3. Delegação inadequada ou falta de delegação
Definir corretamente os critérios, antes de delegar uma atividade, escolher adequadamente quem irá executar e como será realizada a tarefa são componentes fundamentais da estratégia para diminuir o fluxo de e-mails das caixas postais. Para tanto, é preciso ter claramente definidos, a todos em uma equipe, em seus diversos níveis hierárquicos, as respectivas autonomias e responsabilidades.

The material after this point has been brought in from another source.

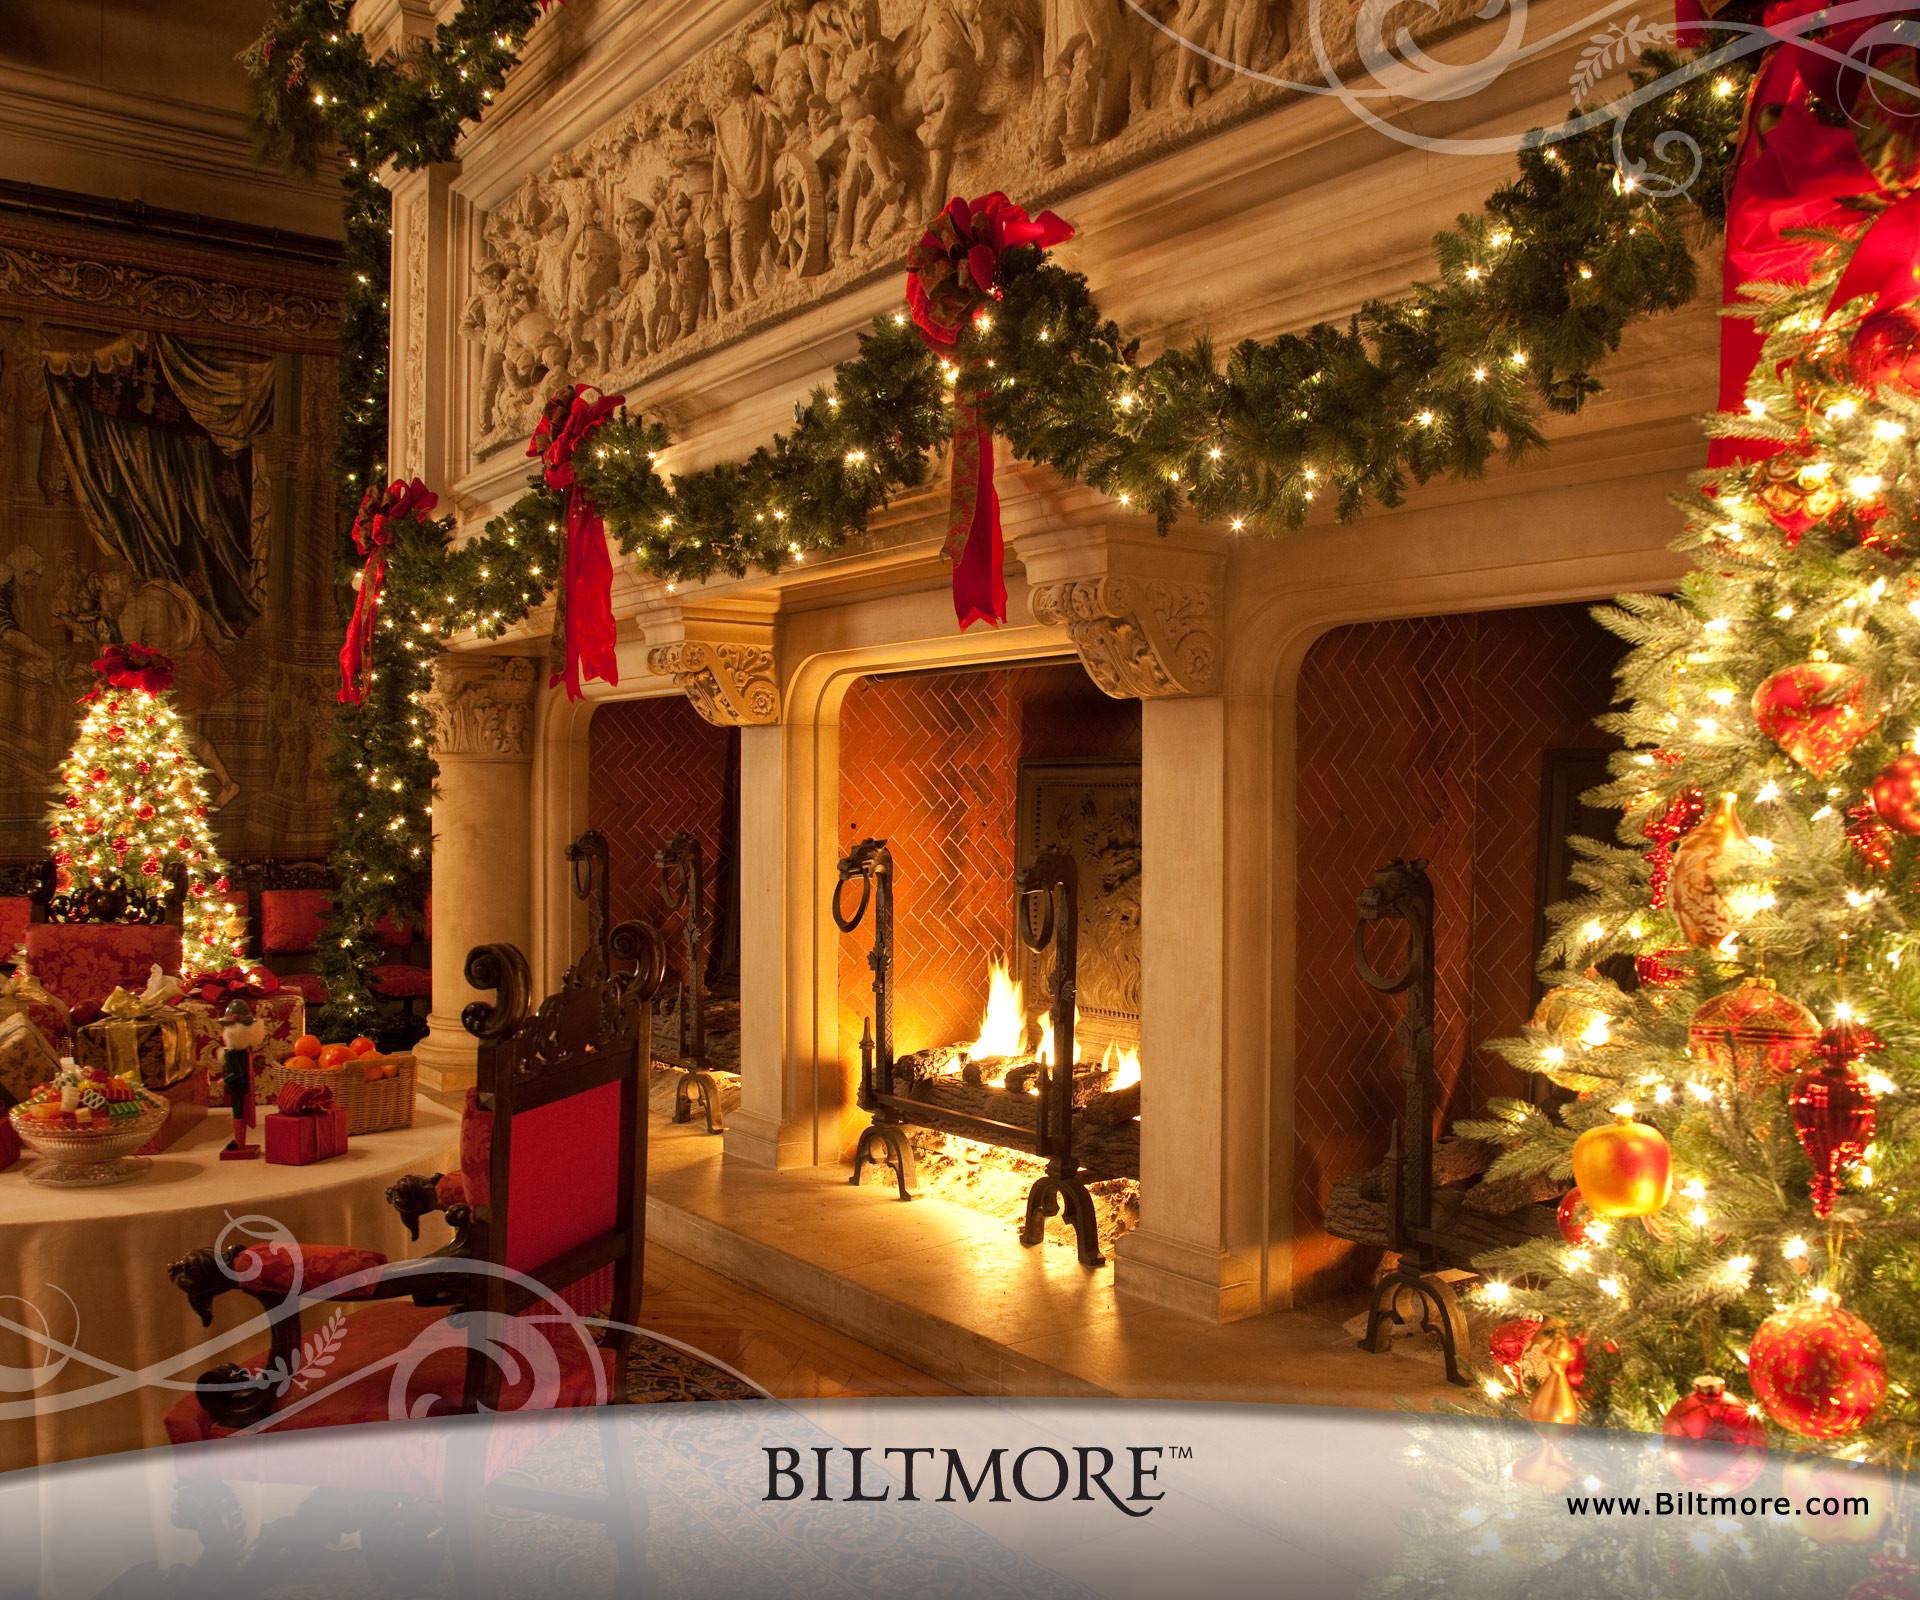 Biltmore Wallpaper (46+ Images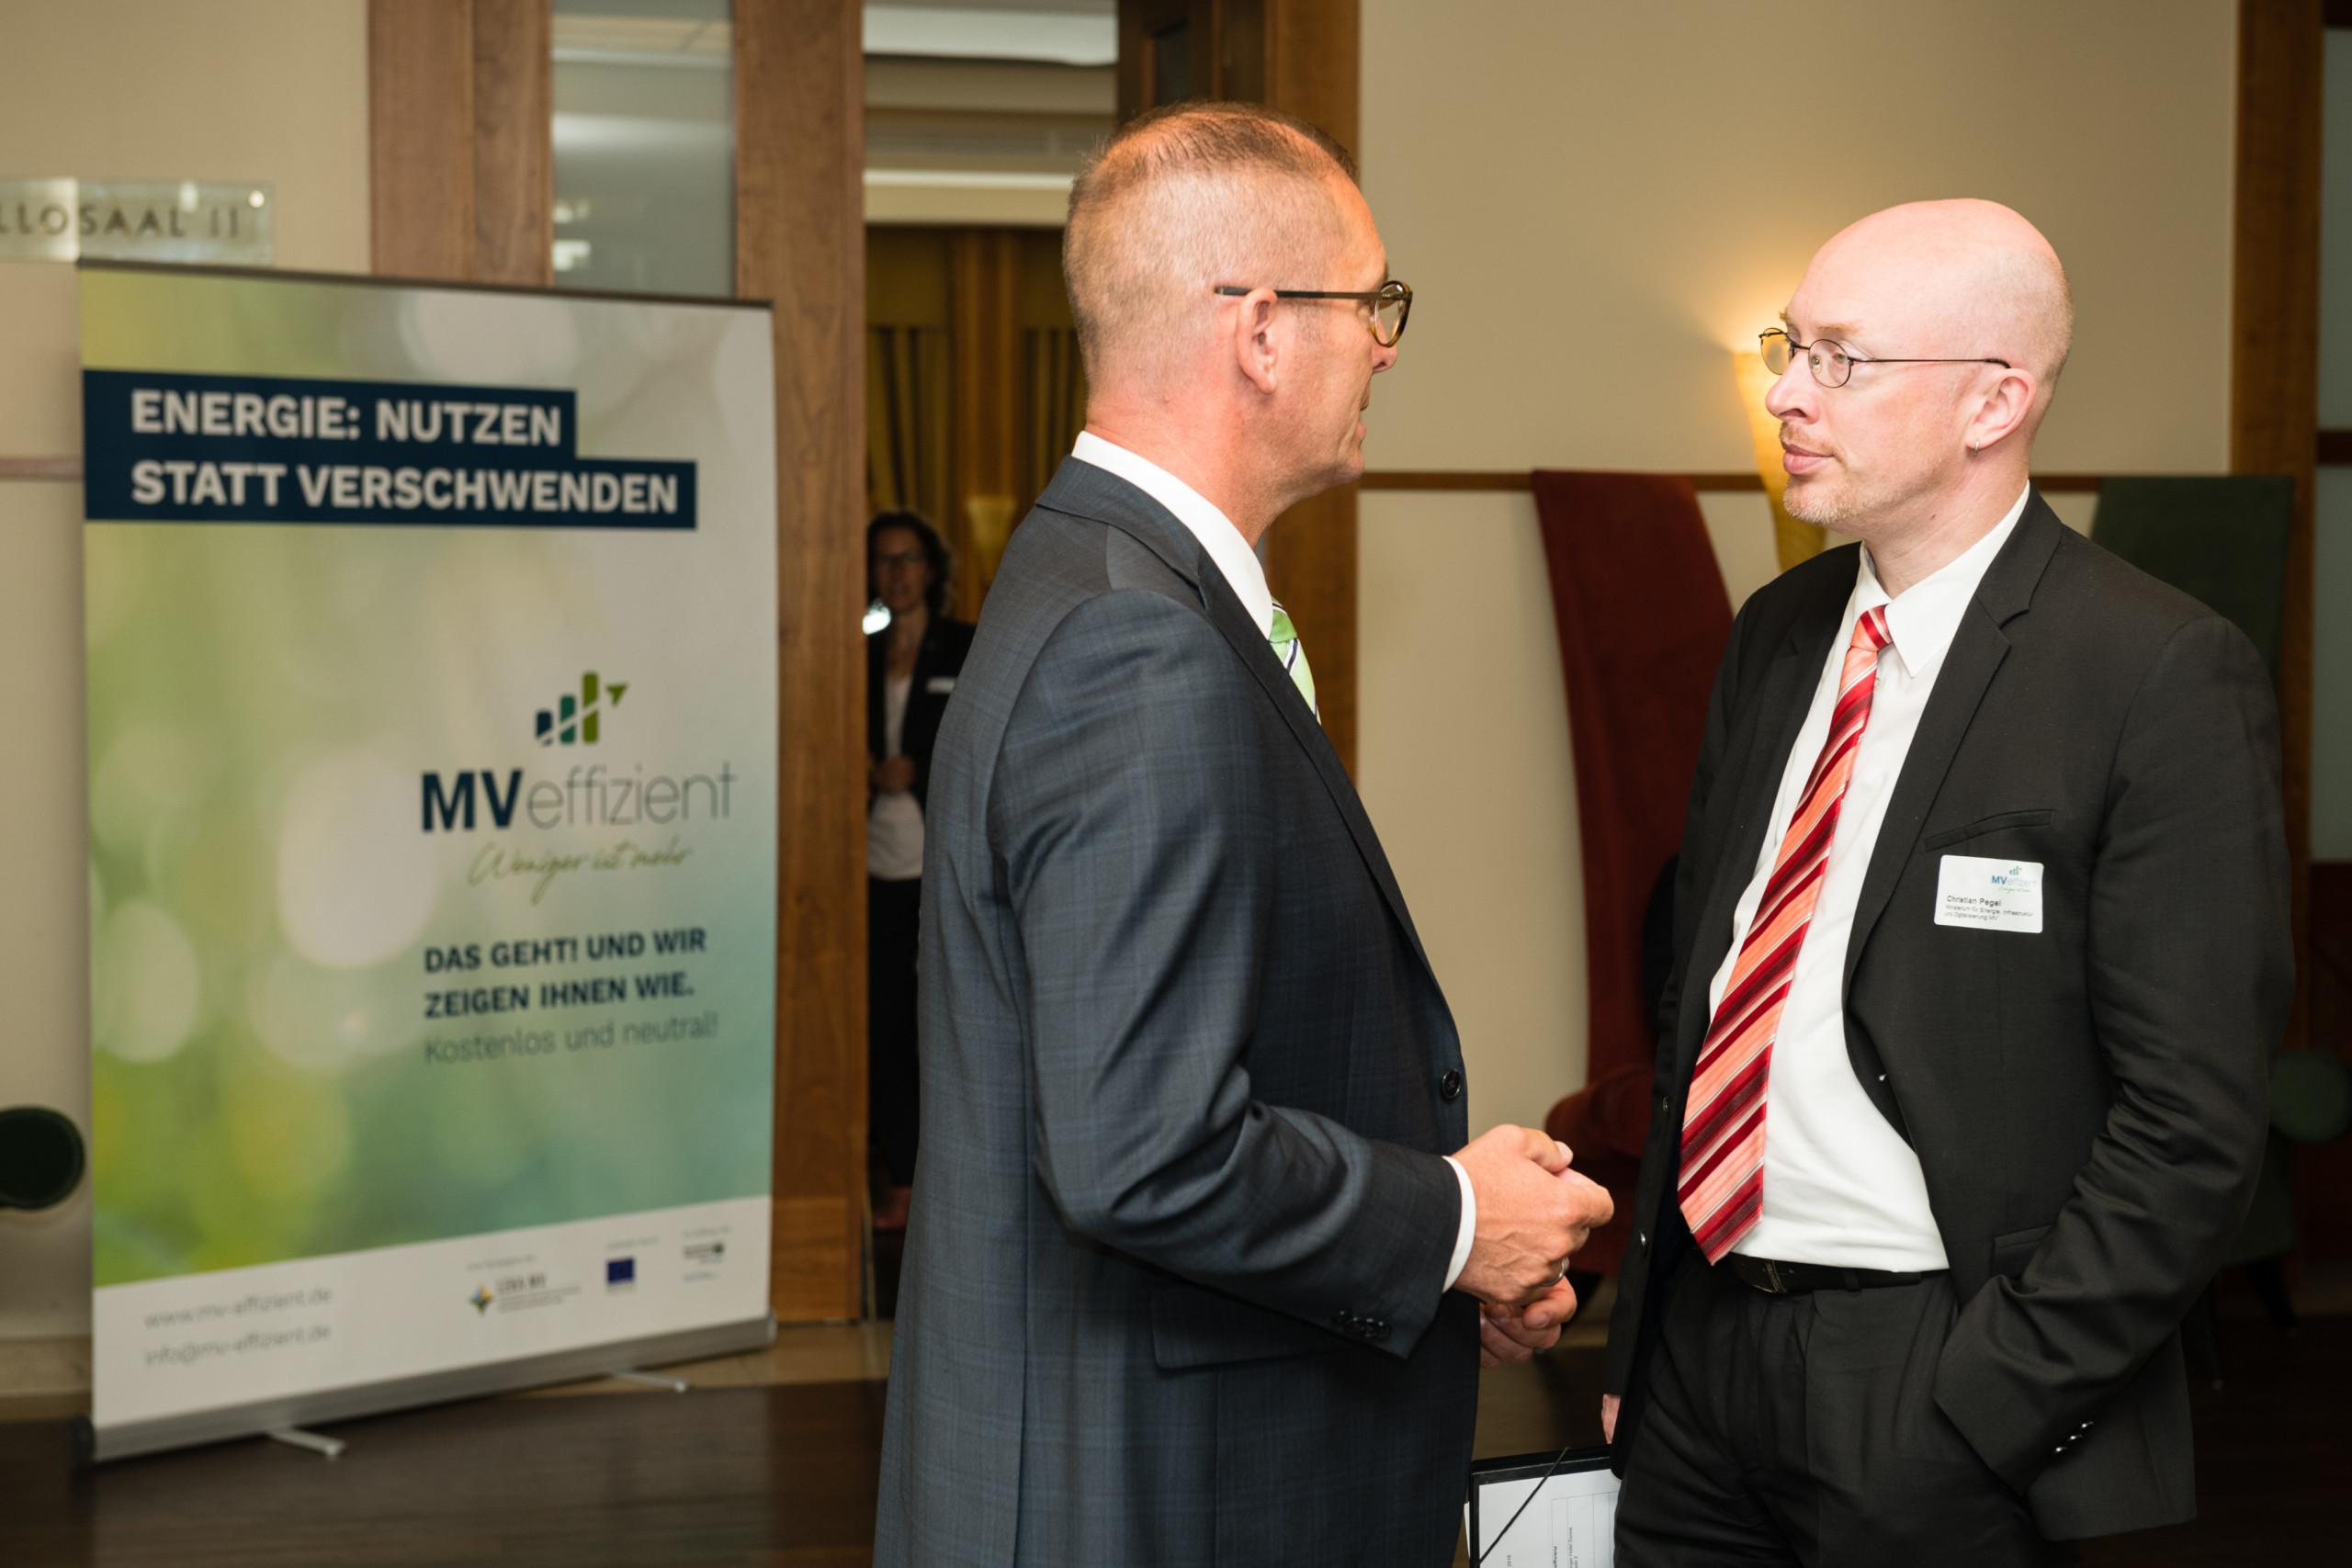 BU: Energieminister Christian Pegel (r.) u. Geschäftsführer der LEKA MV, Gunnar Wobig (l.) geben den Startschuss für die Kampagne MVeffizient (Foto: LEKA MV/Margit Wild)

Durante a pesquisa, observou-se que a busca pelo perfeccionismo extrapola os critérios de “quem deve fazer o quê”. Foram expressivos os comentários sobre a necessidade das informações serem repassadas aos superiores, o que demonstra claramente falta de confiança mútua. Essa prática, caracterizada por centralização do poder e tomada de decisão, emperra a autonomia e gera trocas desnecessárias de e-mails.
4. Medo de errar
Apresentou-se como uma importante dificuldade observada durante a pesquisa. A aversão ao risco faz com que as pessoas disparem e-mails sobre tudo e a todos. De um lado, está o medo de tomar uma decisão e depois ser culpado, caso a decisão não esteja correta ou de acordo com os padrões. Nesses casos, os líderes optam pela segurança e buscam aval de seus superiores, mesmo em seus níveis de autonomia. E, ainda, medo de serem responsabilizados por não informar alguém. Na dúvida, e-mails a todos! Afinal de contas, melhor sobrar do que faltar! E ali está, mais um e-mail a ocupar a caixa de entrada.
Considerações finais
Esses quatro pontos analisados são aspectos que merecem especial atenção na análise do fluxo de e-mails. São questões comportamentais que se sobrepõem às técnicas. Fazer com que líderes e liderados reconheçam essas fraquezas e trabalhem para revertê-las, evita retrabalho, a sensação de “faço, faço e sempre estou abarrotado de trabalho”, além de diminuir a ansiedade. Mas, principalmente, dá tempo ao líder para realizar o que lhe compete por excelência: suas atividades importantes.
Uma caixa postal “gritando” para ser esvaziada não pode ser motivo para renegar o planejamento primordial do setor, o treino e desenvolvimento de sua equipe, estudo de novos métodos de realização do trabalho, acompanhamento das tarefas e pessoas ou formas de contribuir com o desenvolvimento da empresa.
Carlos Eduardo Dalto, o professor Dalto, é administrador e mestre em marketing pela Universidade Estadual de Londrina. Atua como professor dos MBAs em Gestão de Projetos e Comercial da Fundação Getúlio Vargas. É também consultor do Instituto MVC/São Paulo em Liderança e Negociação e diretor de Educação Corporativa da METHODOS.